Monday, 2 March 2026

Lightning the load

For those of you who are into religious matters, a) isn't it a bit unusual to follow the Demons?, and b) what have we done to be involved in so many lightning stoppages? Off the top of my head, there's the inaugural AFLW game, West Coast nearly running us down, the unnecessary delay to a final round slopfest nobody cared about, and now this game x2. For the sake of the narrative, let's pretend the lights went out in Bendigo and Brisbane for the same reason (and an AFLW practice game. We're a destination club). Now this. Maybe it's delayed cosmic justice for rorting the draft in 2009.

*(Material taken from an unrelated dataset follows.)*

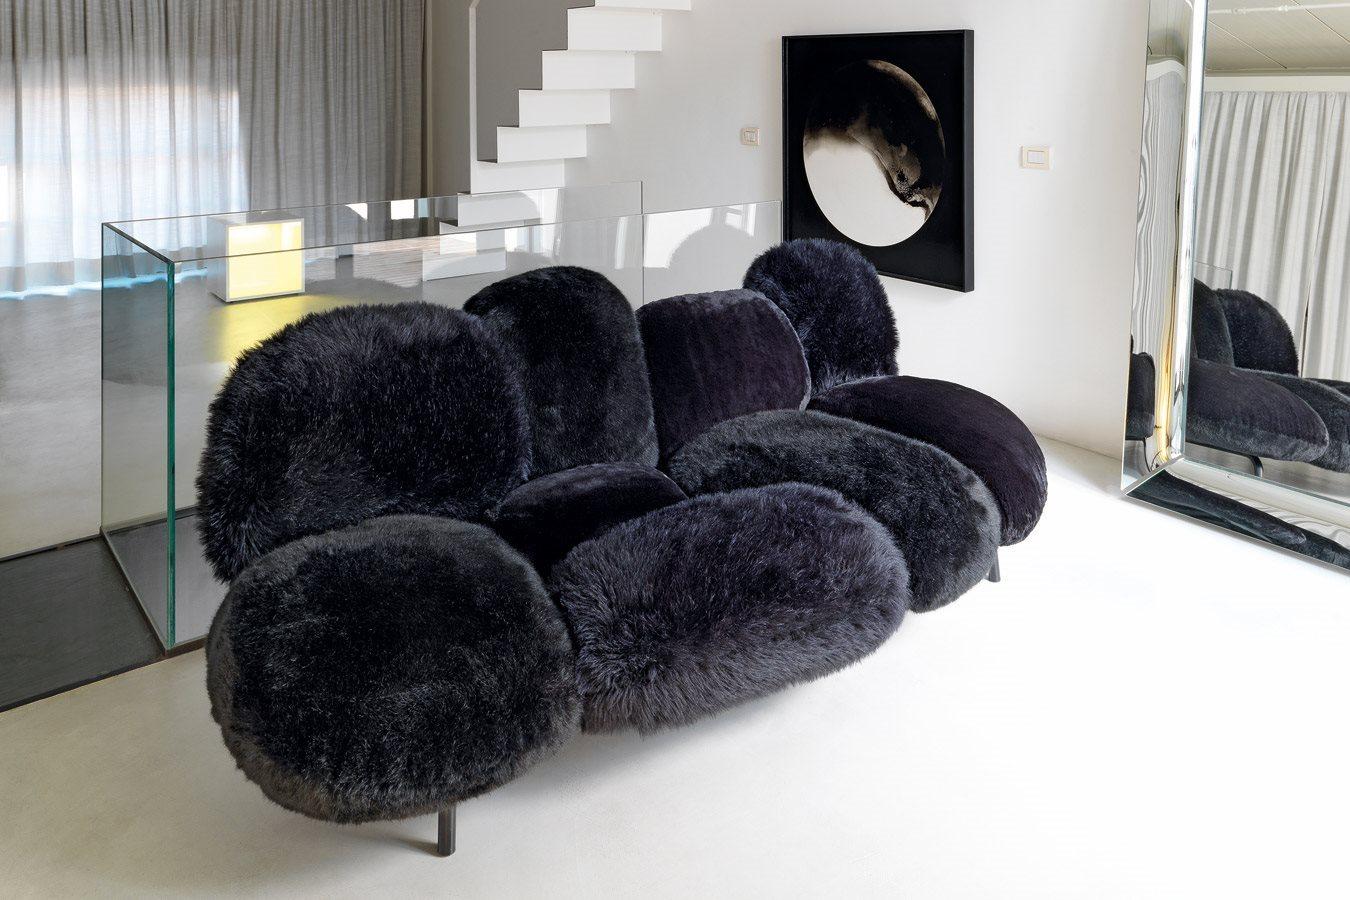 أريكة عصرية غريبة 5 الراحة والعصرية في تصميمات أرائك غريبة وغير تقليدية

This was the first time we've had two lightning stoppages, and you could tell from the first shot of the broadcast that there was something evil in the sky. I was expecting more 'unmerciful pissing rain' like the GWS/Sydney game, but I'm not sure there was a single drop of rain during the game. But somewhere within 10km there was lightning, and that was enough to shut up shop. It's one thing packing up on the second delay in a throwaway game like this, but let's have a match not involving us that is stopped three or four times, with scores close enough that there'll be a riot if it's abandoned with the result standing. We won't be involved any time soon, so why not a Grand Final? Fair chance I've called for this scenario in every post linked above.

Who knows what the City of Ballarat paid to host three games over the weekend, like an even worse version of Opening Round, but I bet when the 4pm start was agreed they were more concerned about the traditional pre-season heat than storm havoc. Especially when the stadium's lights were capable of about 1 more lux than your traditional Coles Homebrand globe.

Luckily, there were as many people in the crowd as watching at home so people will still associate Ballarat with Sovereign Hill rather than unseen violent electrical storms. Surely they had better lights at some point and are in the process of installing proper, AFL standard ones as part of the  stadium upgrade. It's been 11 years since the ground announcer kept describing the stadium as Footscray's "new home ground" as if he knew something the rest of us didn't. They've only progressed to having a stand under construction now, but the sight of unfinished concrete gave me instant Gawn after the siren flashbacks. To be fair, walking down the street reminds me of that blessed event. The difference was these were on the wing, so instead of aiming the most important set shot in modern history at concrete, you'd have to kick spectacularly OOF to land the ball in the construction zone. If any teams could pull it off, it was Richmond post-dynasty and/or us post-one hit wonder.

I'm happy with our draftees, but a bit sad that Richmond got a guy called 'Peucker'. Rarely do you find somebody who provides a choice of spew or flange references. Such a thing is too important to be left in the hands of Dwayne Russell, so thank god the Peuck wasn't available and we didn't have to listen to Dwayne focus testing 'spontaneous' gags that will 'randomly' crop up later in the season when people are watching. Also, on the claims that a Richmond player is nicknamed "Sizzle", somebody will be hearing from my lawyers. The rest of the commentary team were fine (Brad Johnson lineball, but hooray for Jess Webster being good so we can hang shit on Kelli Underwood and be clear it's got nothing to do with gender), but this guy is going to give me the shits again. I'd still have him over BT, but that's like choosing Smallpox or Malaria. Jason Bennett is a free agent after Channel 7 sacked him for displaying insufficient levels of buffoonery, he'd be a decent balance to Dwayne carrying on like a pork chop.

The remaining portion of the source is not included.